This is a package I made that makes transcription easier. Deepspeech is VERY particular in the formats it receives. So I built a front end that takes care of fetch and then transcoding the resource before passing it on to Deepspeech to create the translations.
This toolset has automated tests for windows/mac/linux that run on github actions. As far as I know, it’s the easiest toolset out there. It will download the models from 0.9.3 and cache them. No model installation required!
Example
- Example (cmd):
transcribe_anything <YOUTUBE_URL> > out_subtitles.txt
transcribe_anything <LOCAL.MP4/WAV> > out_subtitles.txt
- Example (api):
from transcribe_anything.api import bulk_transcribe urls = ['https://www.youtube.com/watch?v=Erk4_jFDjzQ'] def onresolve(url, sub): print(url, sub) def onfail(url): print(f'Failed: {url}') bulk_transcribe(urls, onresolve=onresolve, onfail=onfail)
Quick start
Optional: Create a virtual python package
- Works for Ubuntu/MacOS/Win32
mkdir transcribe_anything
cd transcribe_anything
- Download and install virtual env:
curl -X GET https://raw.githubusercontent.com/zackees/make_venv/main/make_venv.py -o make_env.py
python make_env.py
- Enter the environment:
source activate.sh
The environment is now active and the next step will only install to the local python.
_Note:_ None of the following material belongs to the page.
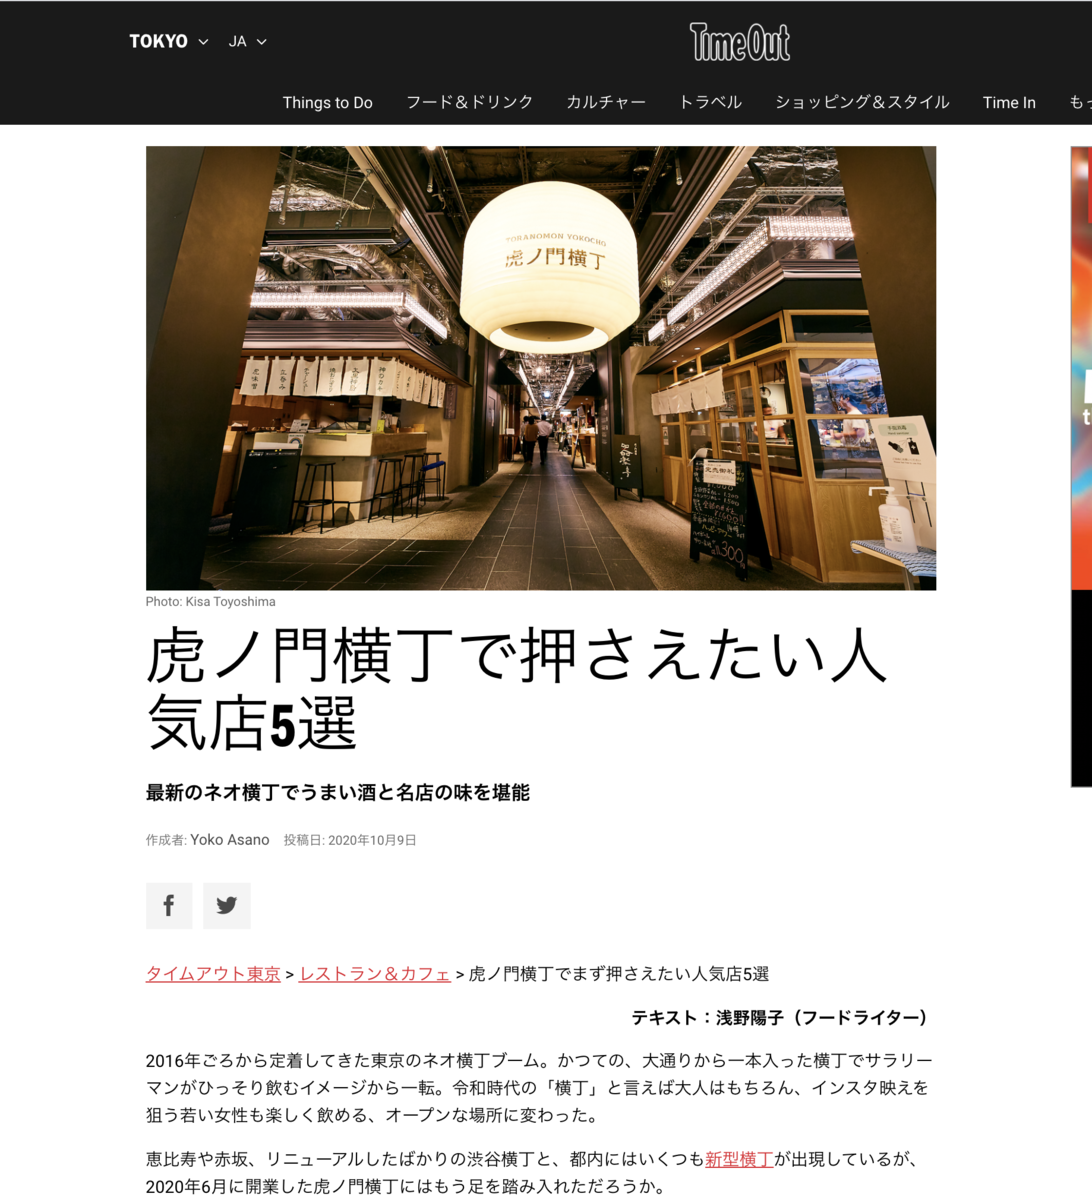 タイムアウト東京 特集 虎ノ門横丁

If the terminal
is closed then to get back into the environment cd transcribe_anything
and execute source activate.sh
Required: Install to current python environment
-
pip install transcribe-anything
- The command
transcribe_anything
will magically become available.
- The command
transcribe_anything <YOUTUBE_URL> > out_subtitles.txt
- -or-
transcribe_anything <MY_LOCAL.MP4/WAV> > out_subtitles.txt
Testing
- All tests are run by
tox
, simply go to the project directory root and run it.